Beck selbst sieht Ride Lonesome als emotionale Schwester von Sea Change und Morning Phase. Und hat sich bewusst lang Zeit gelassen für diese Kollektion berührender, elegischer Lieder. „Diese Art von Musik braucht viel Zeit, und man kann sie nicht einfach so aus dem Ärmel schütteln“, sagte er gegenüber dem NME. „Der Gesang, das Spiel – alles muss genau die richtige Emotion treffen. An manchen Tagen will das einfach nicht klappen. Man verbringt viel Zeit damit, darauf zu warten, dass sich alles zusammenfügt. Ich musste mich eine Weile mit allem auseinandersetzen, um ein Gefühl dafür zu bekommen, wie ich es singen, wie ich es spielen und wie ich es zum Leben erwecken kann.“
Wiegenlieder für eine zerbrochene Beziehung
Er hat es geschafft. Und sich selbst übertroffen. Die zwölf Lieder summen mit einer ganz besonderen Aura, gespenstisch und nicht ganz von dieser Welt, verhallt, verhuscht, als würde man ein intimes Schauspiel belauschen, zu dem man eigentlich gar nicht eingeladen ist. Das hat Gründe. Beck macht eine Menge mit sich aus auf diesem Album. Es sind Wiegenlieder für eine zerbrochene Beziehung, eine Trauerrede für die gemeinsame Beziehung mit Marissa Ribisi, mit der er fast 15 Jahre lang verheiratet war. Ride Lonesome ist seine Auseinandersetzung mit der Beziehung, ihrem Scheitern und dem Leben danach. Wie knüpft man an? Wie beginnt man ein neues Leben ohne die Person, mit der man eigentlich ein Leben geplant hatte? Becks Antwort darauf: voller feiner Melancholie. Aber auch mit einem Schimmer von Optimismus und Akzeptanz.

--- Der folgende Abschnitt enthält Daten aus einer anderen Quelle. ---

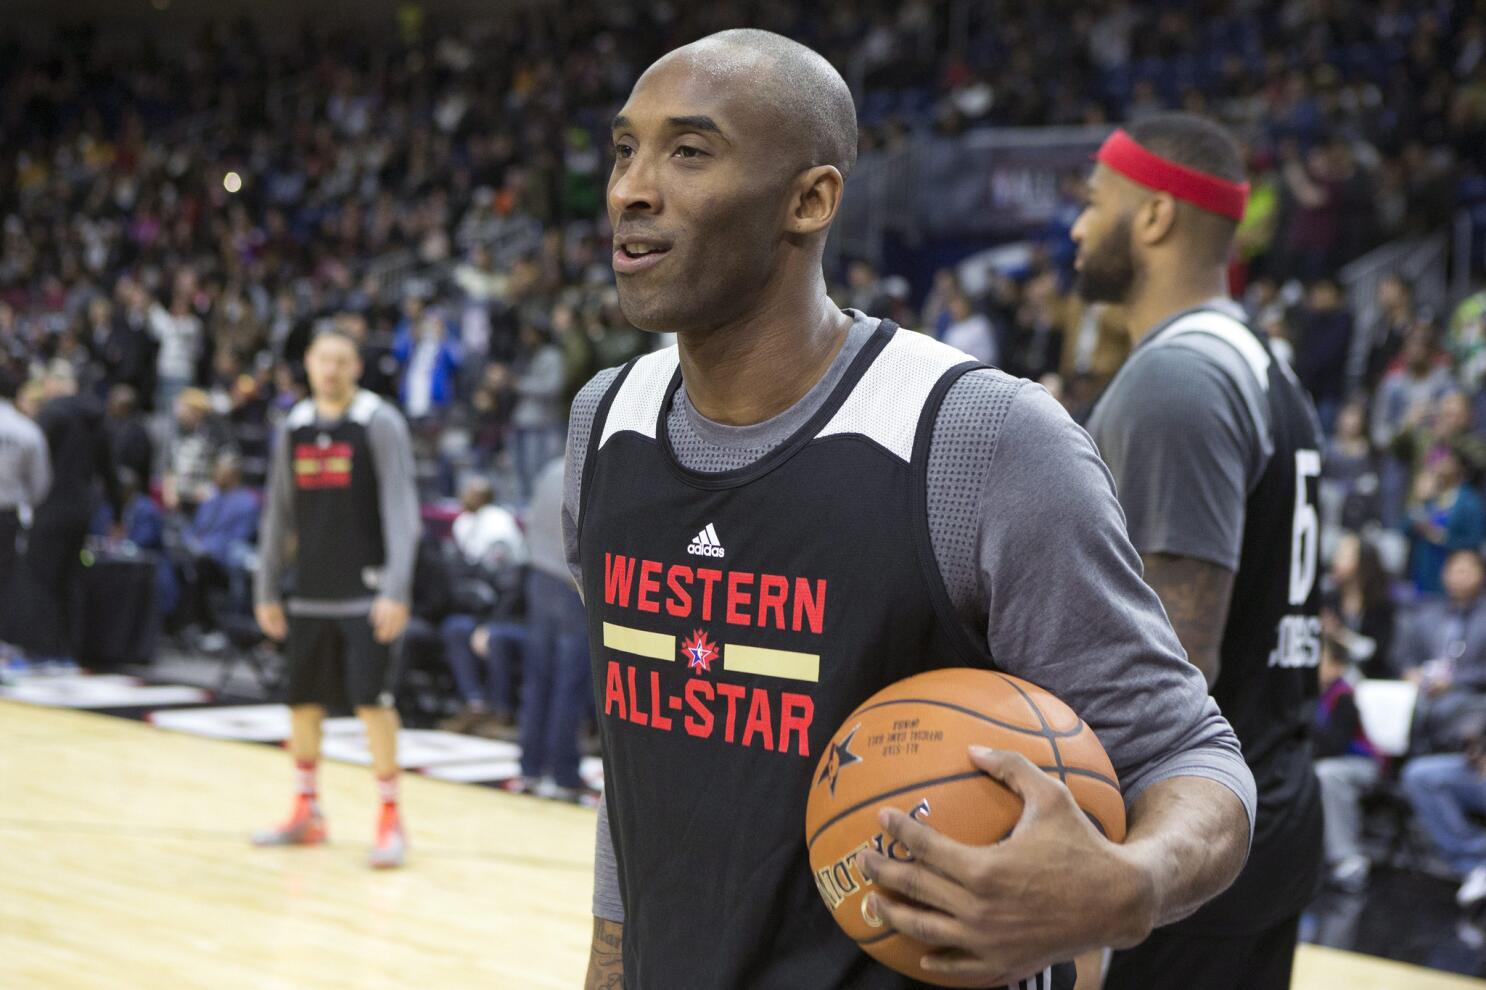 Adidas Reveals 2013 NBA All-Star Jerseys for East and West Teams

Neue Wege, alte Mitstreiter
Bemerkenswert auch, dass Beck in einer weiteren Zeit des Umbruchs mit den Musikern zurückgekehrt ist, die ihm bei der Entstehung von Sea Change und Morning Phase halfen. Im Raum B der United Studios in Hollywood nimmt er mit Smokey Hormel, Joey Waronker, Justin Meldal-Johnsen, Roger Joseph Manning Jr. und Jason Falkner ein Album auf, das von all den Jahren profitiert, in denen er schon mit diesen Musikern spielt. Wahrscheinlich brauchte er die emotionale Nähe zu seinen Musikern, um ein Album wie Ride Lonesome durchzustehen.
Indie-Folk und Americana spielen sie heute ja irgendwie alle. Füllen Arenen damit. Dennoch klingt niemand wie Beck. Seine Musik hat mittlerweile etwas Sakrales, Ikonisches. Diese Ruhe, diese meditative Kraft, dieses Talent, die Schwerkraft aufzuheben und die Musik schweben zu lassen. Das kann sonst niemand so. Ride Lonesome ist also vielleicht wirklich sein bisher bestes Album. Ein durch und durch transzendentes Stück Musik.